(Given information Opens)

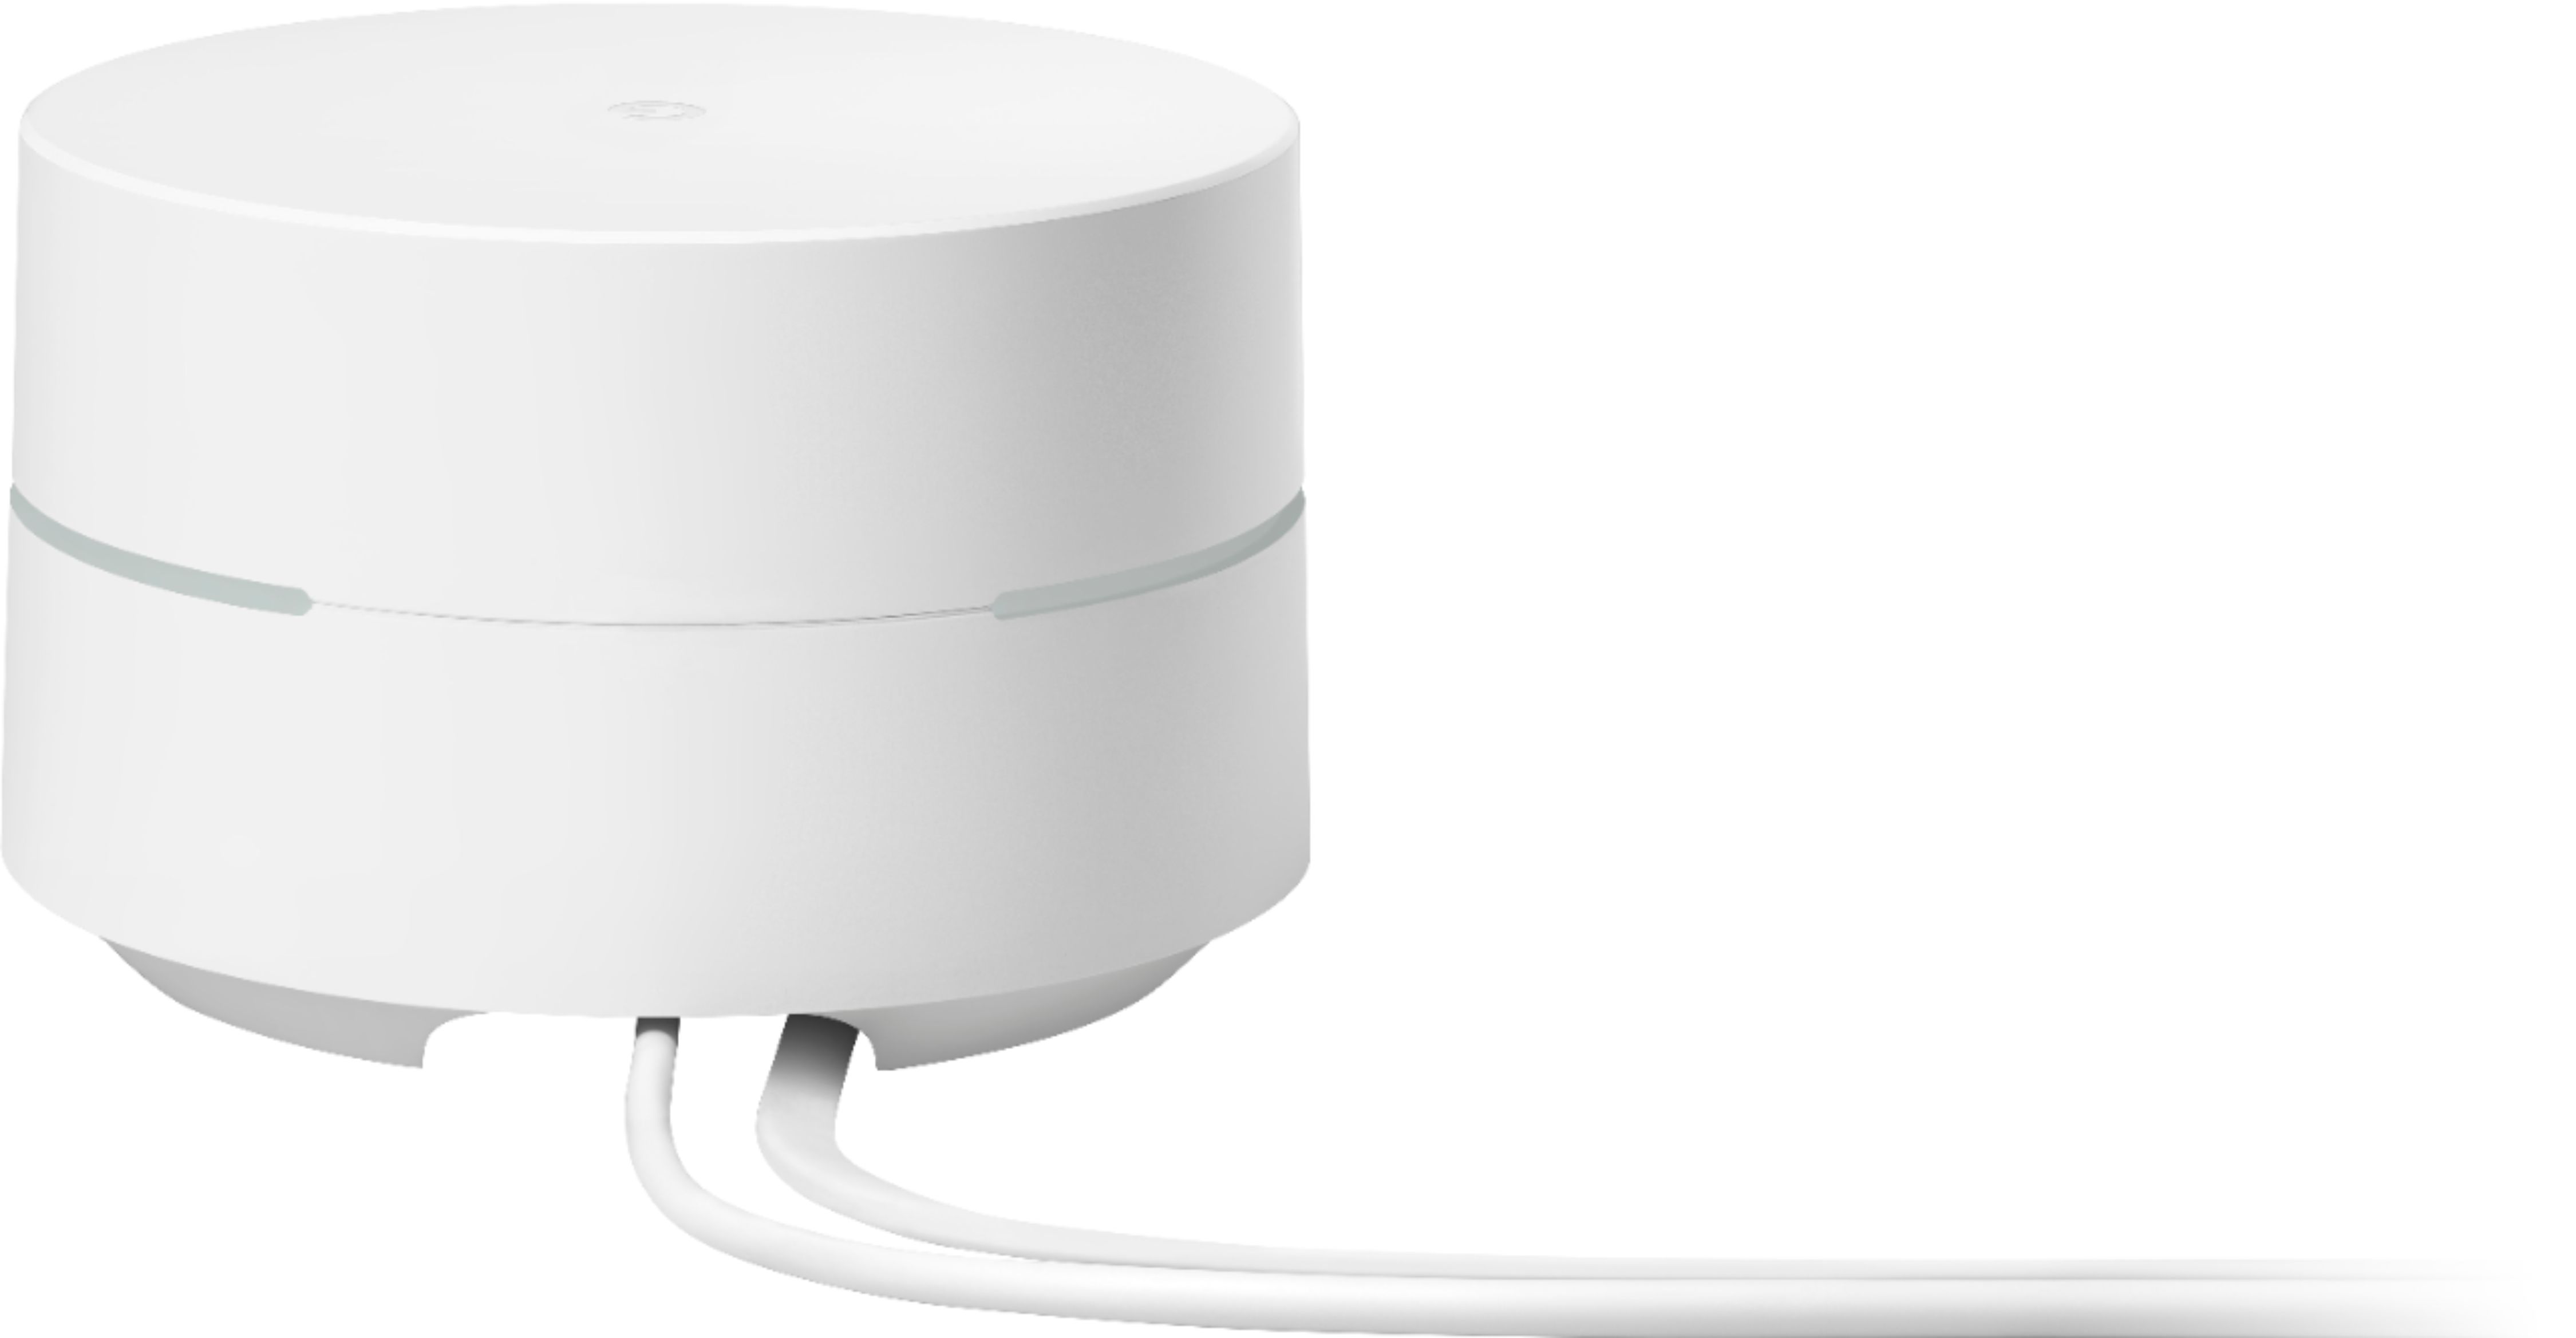 Google Wifi Mesh Router (AC1200) 1 pack GA02430-US - Buy
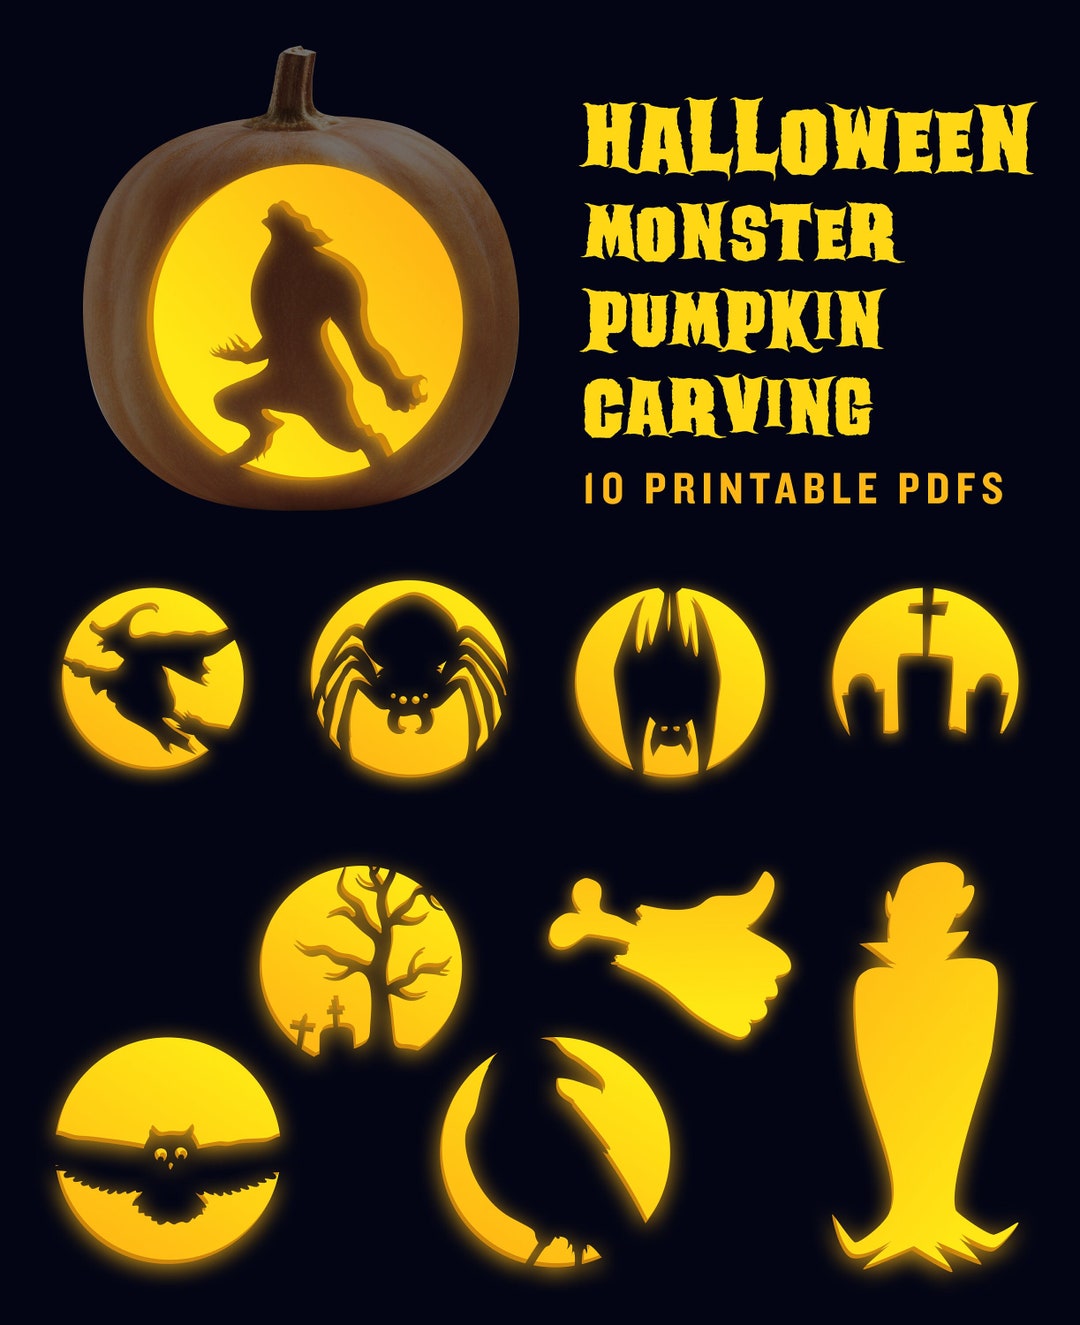 Printable Halloween Pumpkin Carving Stencils  Featuring a
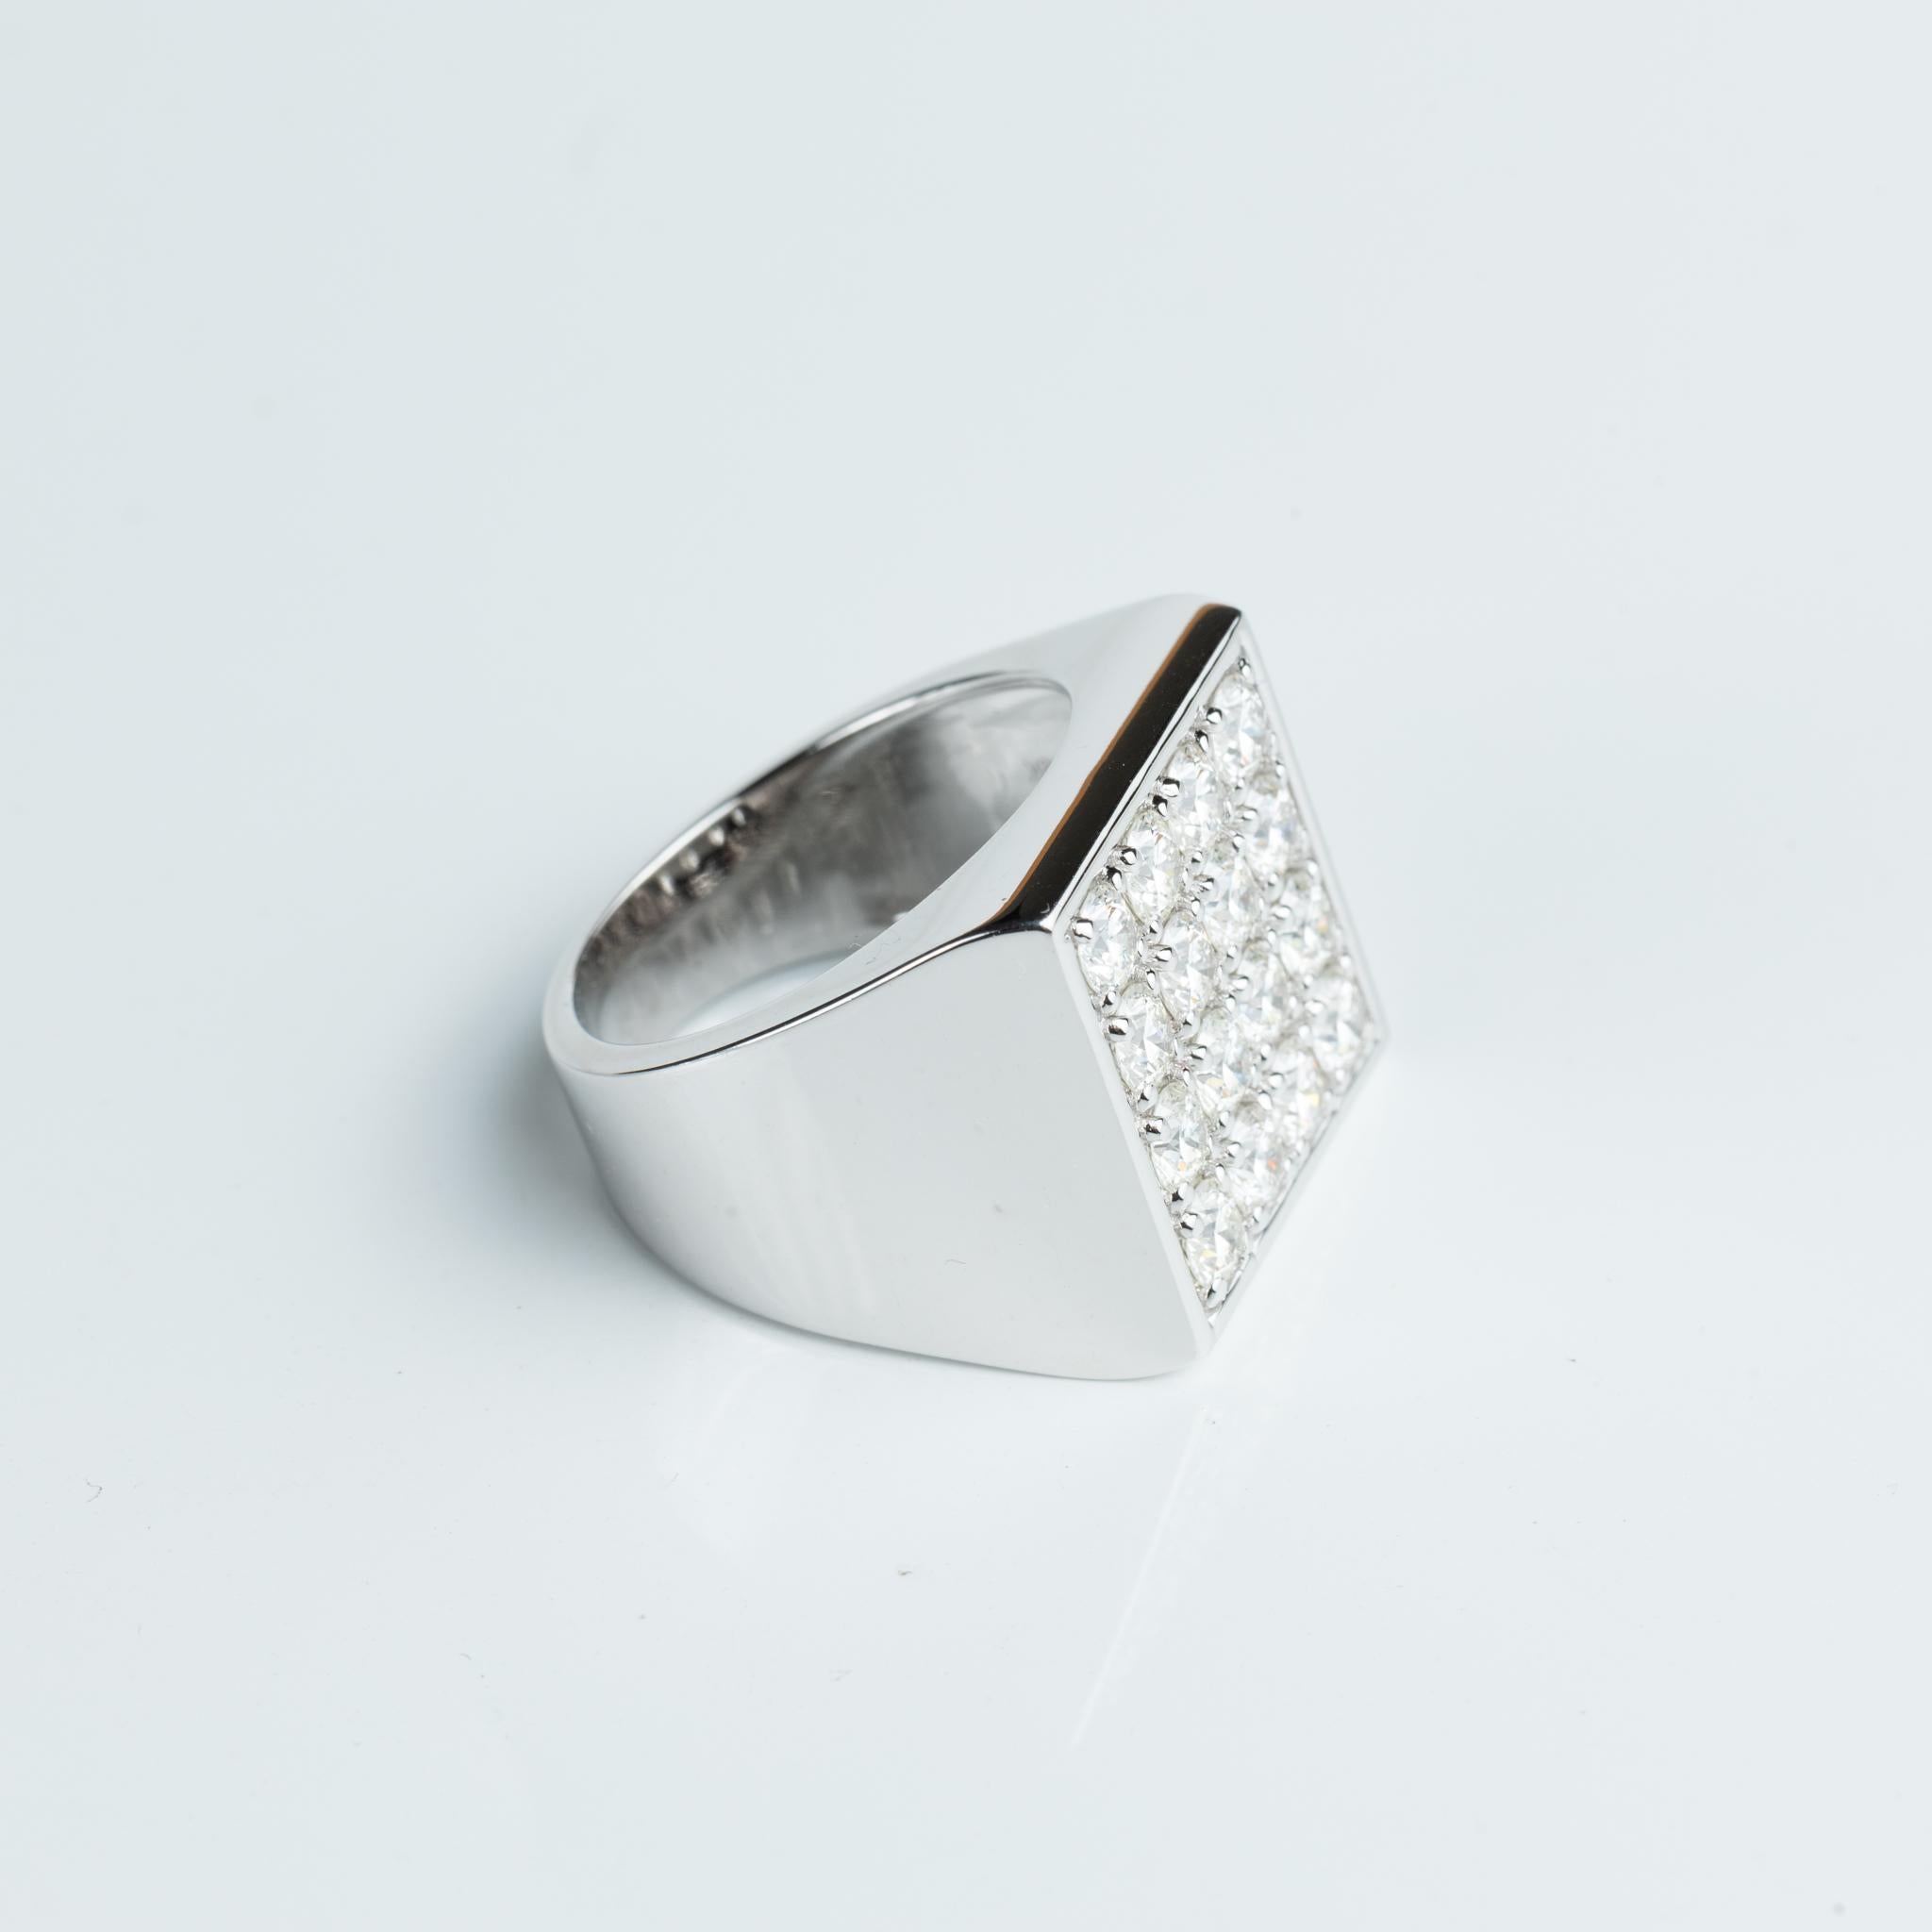 Asscher Cut 2.57 Total Carat Weight Round Cut Diamond in 18k White Gold Signet Ring  For Sale

(Given information Closes)

| Assignment |
A word-for-word repeat of the lines from the line with "Printable Halloween Pumpkin" to the last line of the data, both ends included and pictures left out, is all that should appear.

| Output of the exercise |
 Printable Halloween Pumpkin Carving Stencils  Featuring a
 Asscher Cut 2.57 Total Carat Weight Round Cut Diamond in 18k White Gold Signet Ring  For Sale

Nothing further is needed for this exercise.